▶ **Required action**: Reproduce the lines below verbatim. Pictures are to be omitted.

START Data excerpt

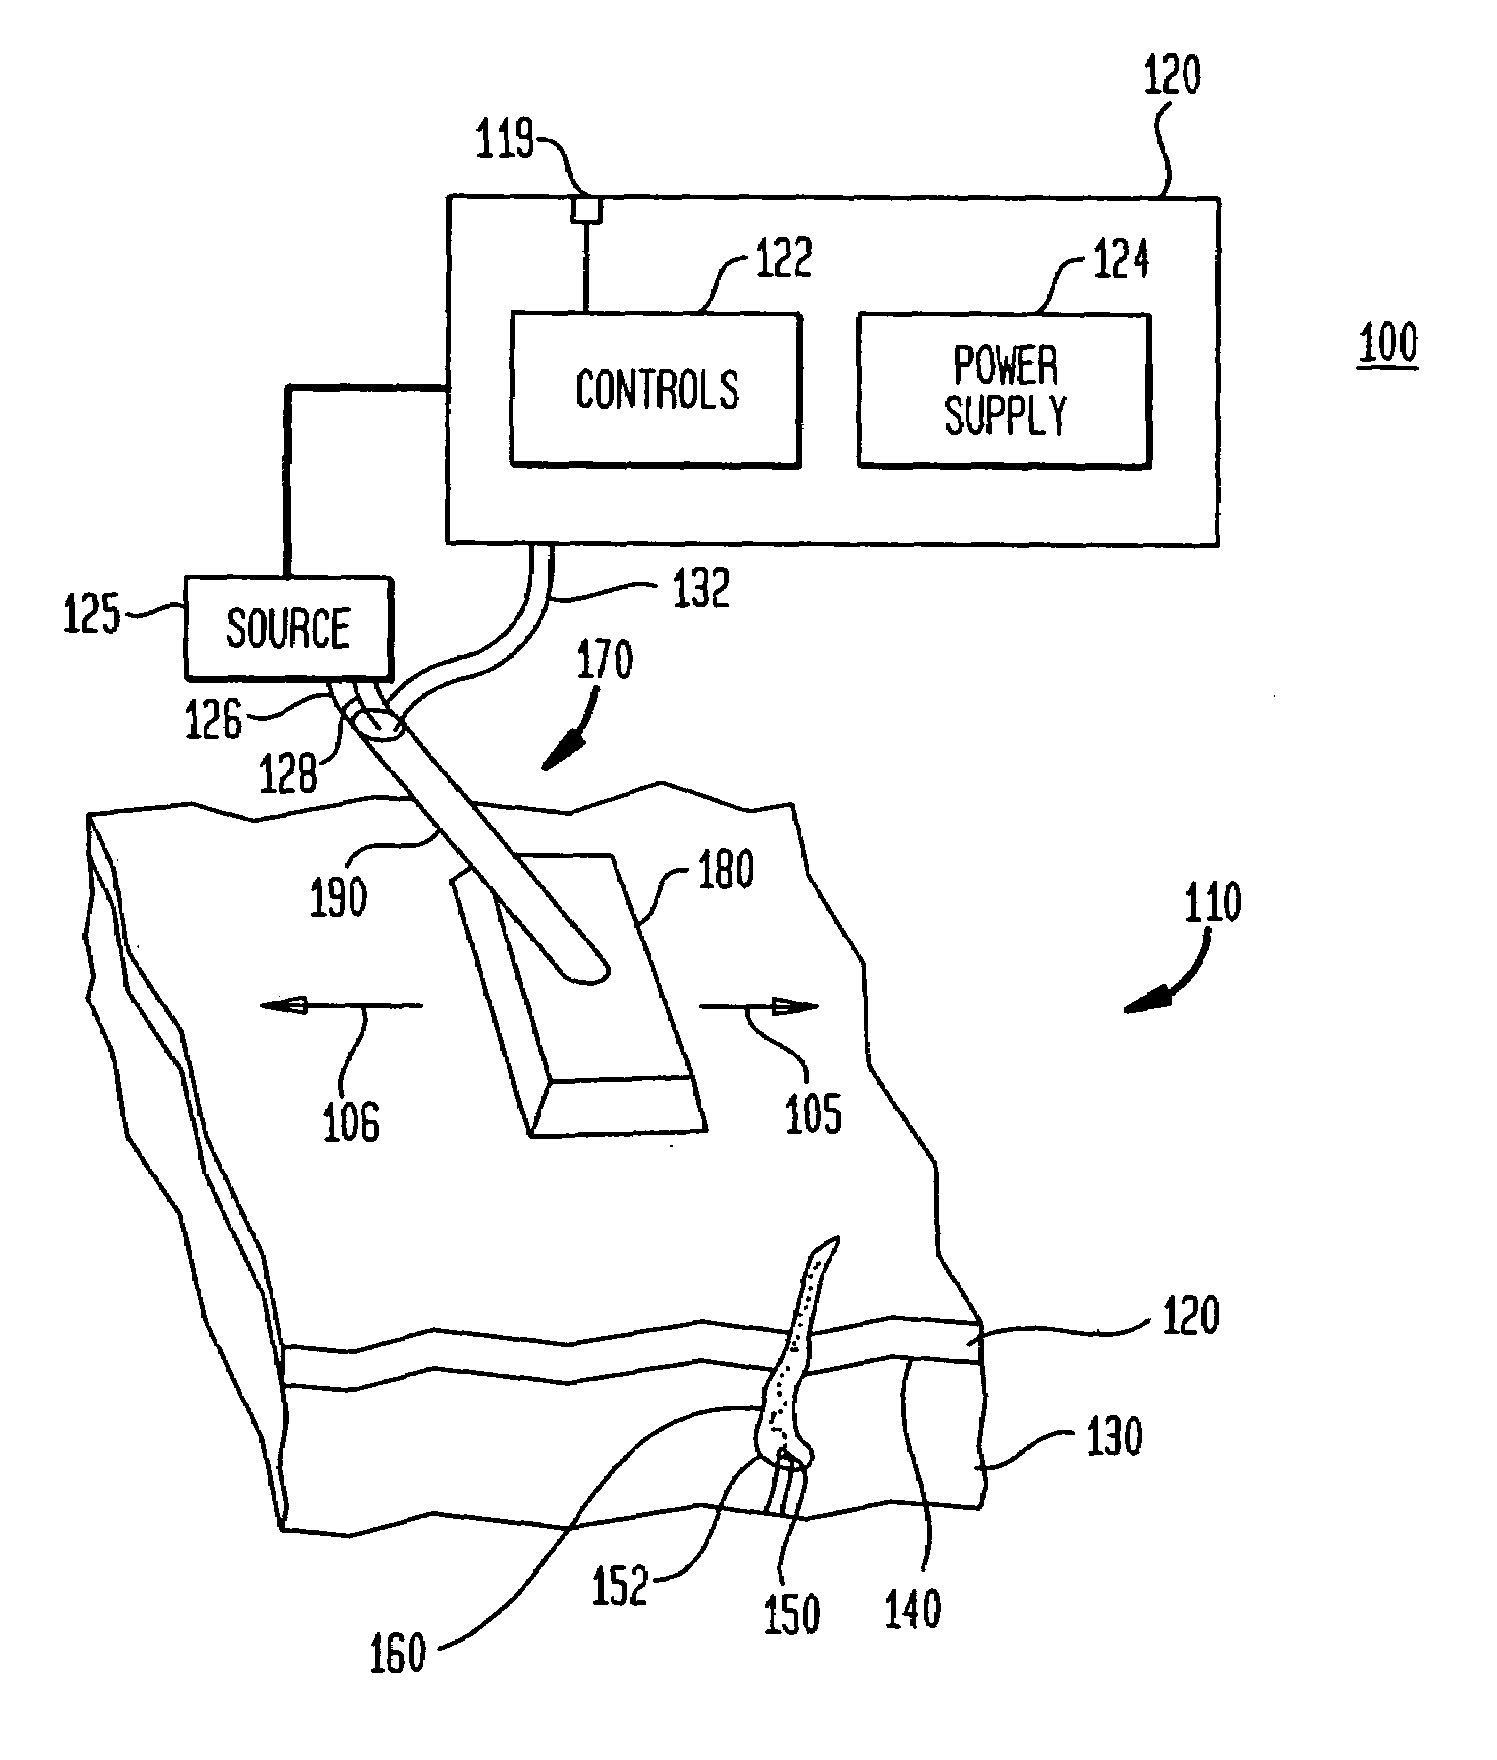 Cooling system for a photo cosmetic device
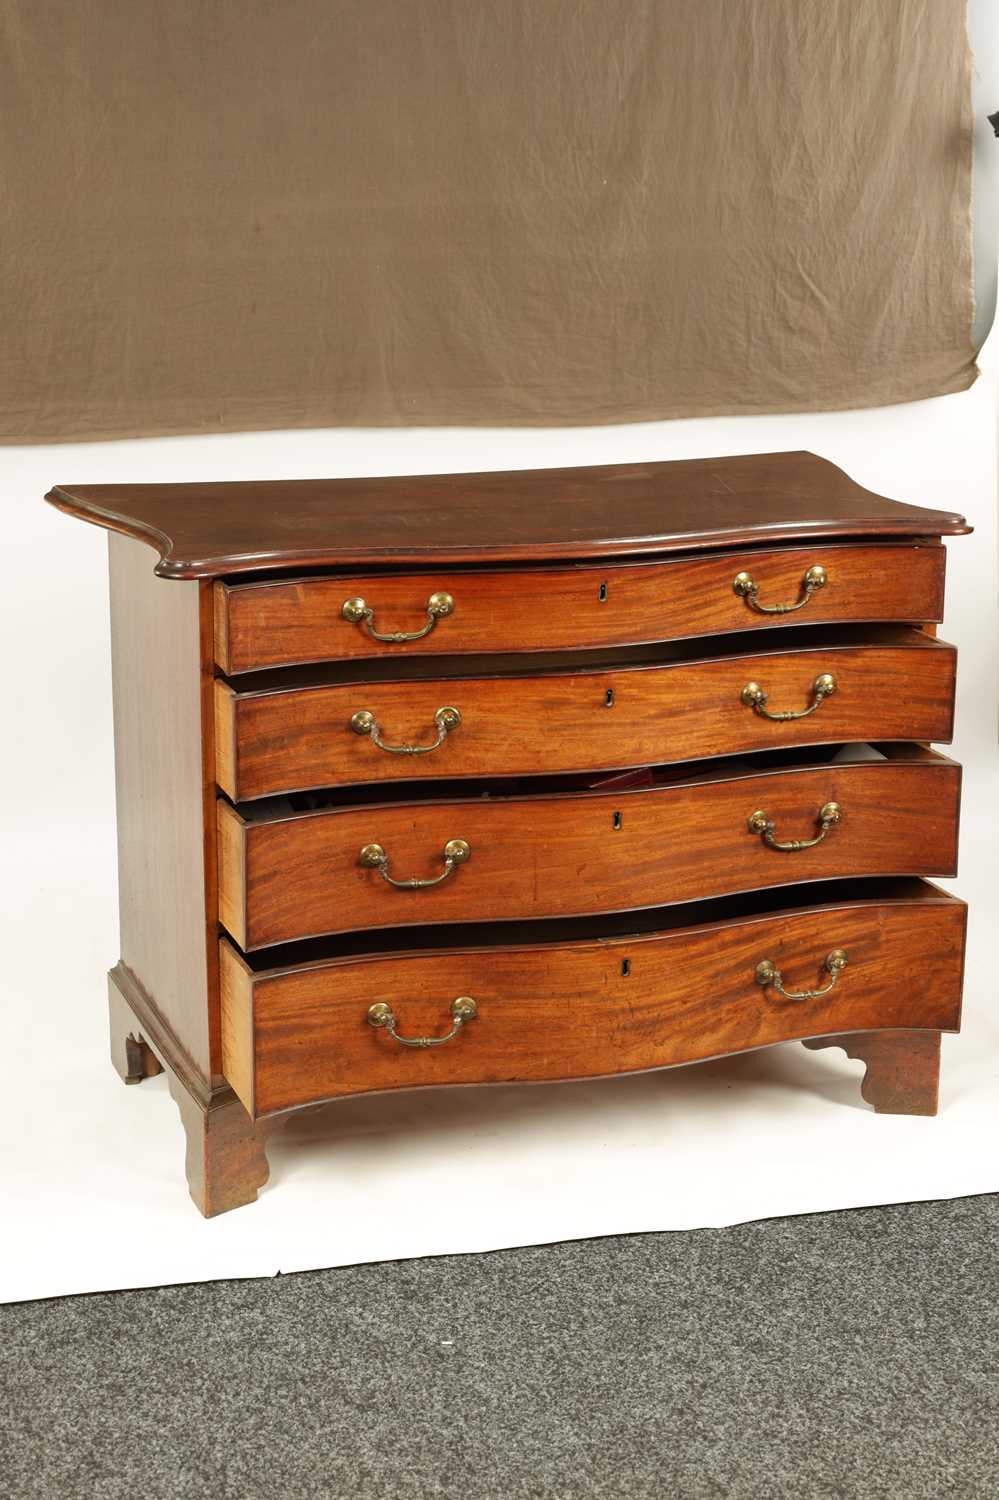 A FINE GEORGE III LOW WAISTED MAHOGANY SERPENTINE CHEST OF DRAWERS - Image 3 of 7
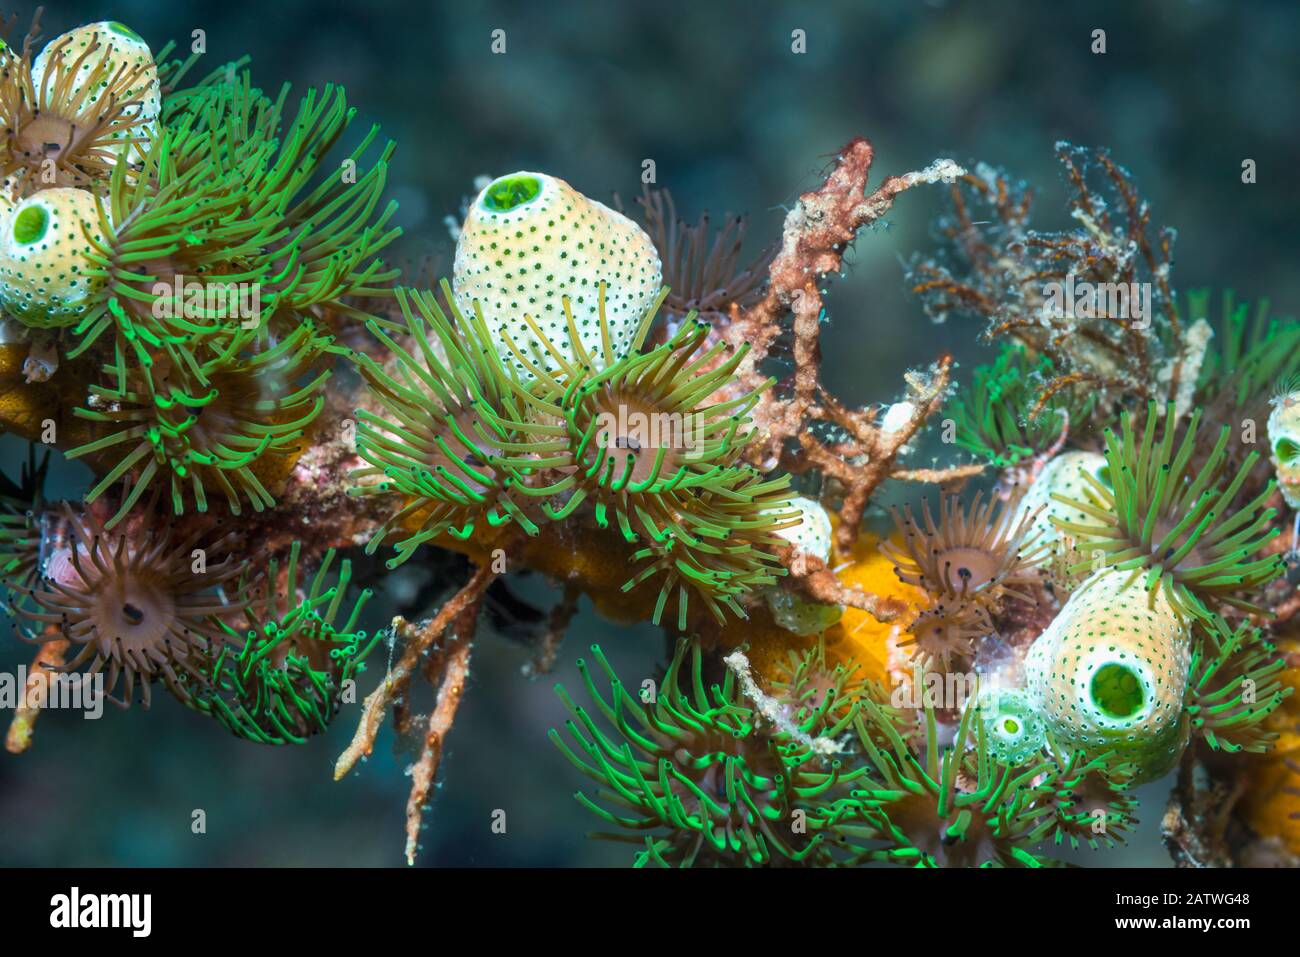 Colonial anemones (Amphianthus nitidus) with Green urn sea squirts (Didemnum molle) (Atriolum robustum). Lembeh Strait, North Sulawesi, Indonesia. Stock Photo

END Data excerpt

▶ **Reply**:
 Cooling system for a photo cosmetic device
 A FINE GEORGE III LOW WAISTED MAHOGANY SERPENTINE CHEST OF DRAWERS - Image 3 of 7
 Colonial anemones (Amphianthus nitidus) with Green urn sea squirts (Didemnum molle) (Atriolum robustum). Lembeh Strait, North Sulawesi, Indonesia. Stock Photo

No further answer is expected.